Perkiraan permintaan dunia lebih dari 50 ton/tahun. Indonesia pernah menduduki peringkat ke-2 setelah India (Myrose). Sandalwood oil memegang peranan penting dalam industri wewangian. Selain dapat digunakan untuk minyak wangi sendiri, dapat pula untuk pengikat minyak wangi mahal (Violet, Cassie, Rose, Reseda, dan Ambete).

Pada tahun 2007, volume ekspor minyak cendana sebanyak 403.148 kg dengan nilai ekspor sebesar US$ 3.814.800 (BPS, 2008), naik cukup signifikan dari tahun sebelumnya dengan volume ekspor hanya 21.751 kg dan nilai sebesar US$ 1.736.214.

Masoi

Cryptocarya_concinna Masoi

Masoi (Cryptocarya spp) tumbuh liar di hutan Indonesia bagian Timur, tingginya sekitar 40 m. Berbatang tegak, bagian dalam berwarna merah, sedangkan kulit berwarna kelabu muda.

Minyak masoi dihasilkan dari proses penyulingan kulit kayu masoi, mempunyai  bau wangi (sweetish oil) dan terasa pedas jika terkena kulit. Minyak ini mengandung sekitar 80% eugenol, dan 6% terpene dan safrole. Minyak ini merupakan sumber natural laktone. Kandungan safrole dalam minyak masoi dibutuhkan dalam industri kimia, untuk pembuat heliotropin, bahan baku celluloide (film), kosmetik dan wewangian.

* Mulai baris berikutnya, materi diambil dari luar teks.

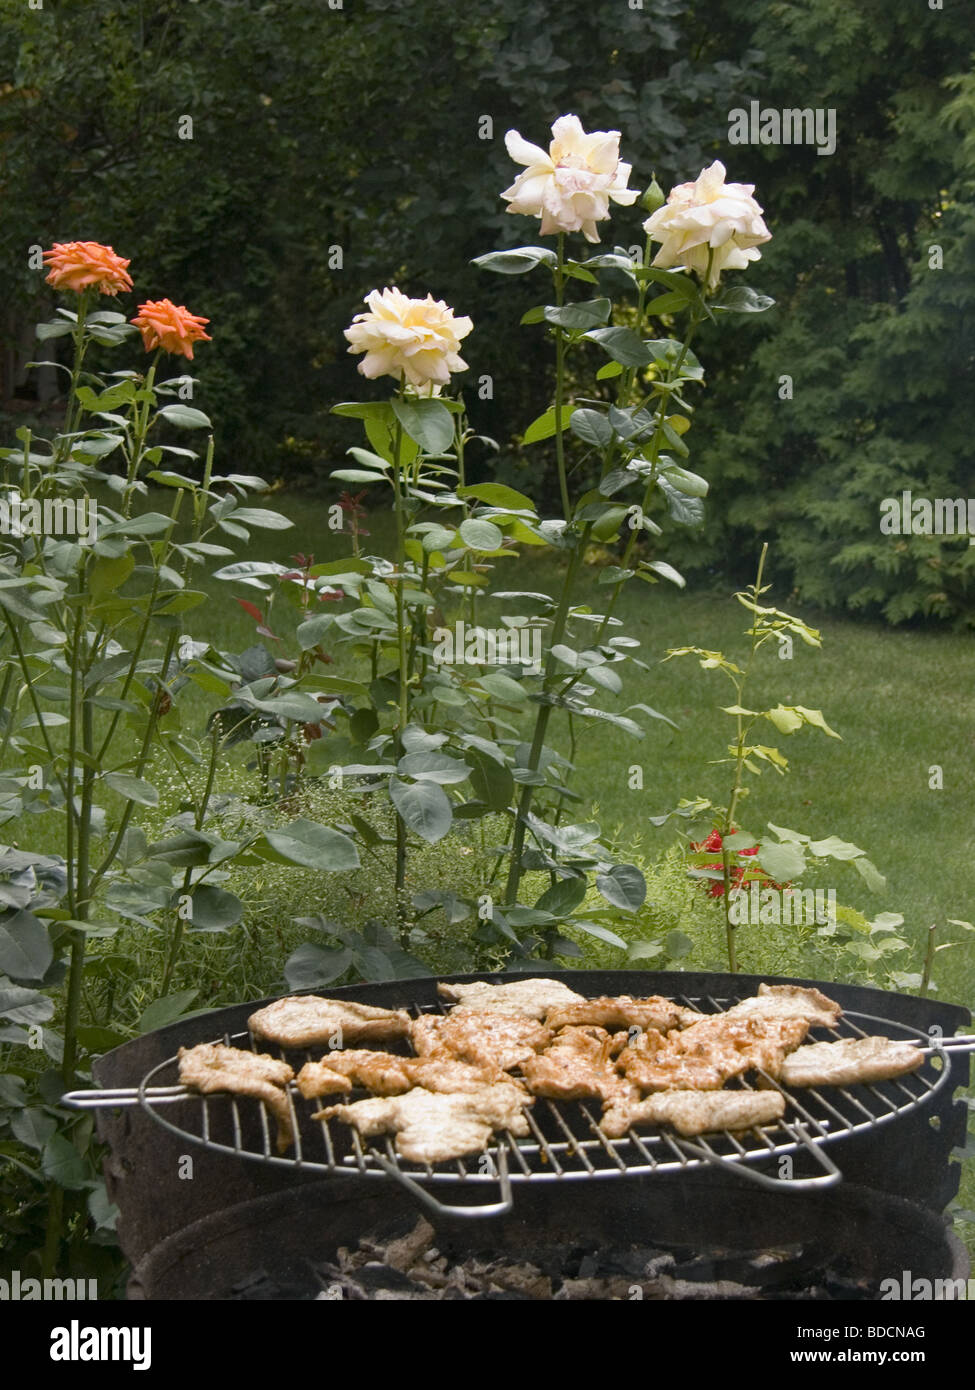 Grill Grilling Charcoal Briquette Heat Fire Stock Photo

Minyak masoi diproduksi di Indonesia dengan output lebih dari 5 ton per tahun dengan negara tujuan ekspor yakni USA, Eropa, Australia dan Jepang.

Kayu Putih (Cajeput)

Kayu putih (Melaleuca spp)  termasuk ke dalam famili Myrtaceace dan ordo Myrtalae. Beberapa spesies yang sudah diketahui dapat menghasilkan minyak  kayu putih dan sudah diusahakan secara komersil adalah M. leucodendrom, M. cajuputih Roxb dan M. viridiflora Corn.

kayu_putih1

Pohon kayu putih terdapat secara alami di daerah Asia Tenggara, yang tumbuh di dataran rendah atau rawa tetapi jarang ditemukan di daerah pegunungan. Tanaman kayu putih yang tumbuh di rawa-rawa mempunyai komposisi kimia yang berbeda dengan yang terdapat pada dataran rendah. Tanaman yang  tumbuh di rawa-rawa mempunyai kadar sineol yang rendah, bahkan ada yang tidak mengandung sineol, sehingga tidak mempunyai nilai ekonomi.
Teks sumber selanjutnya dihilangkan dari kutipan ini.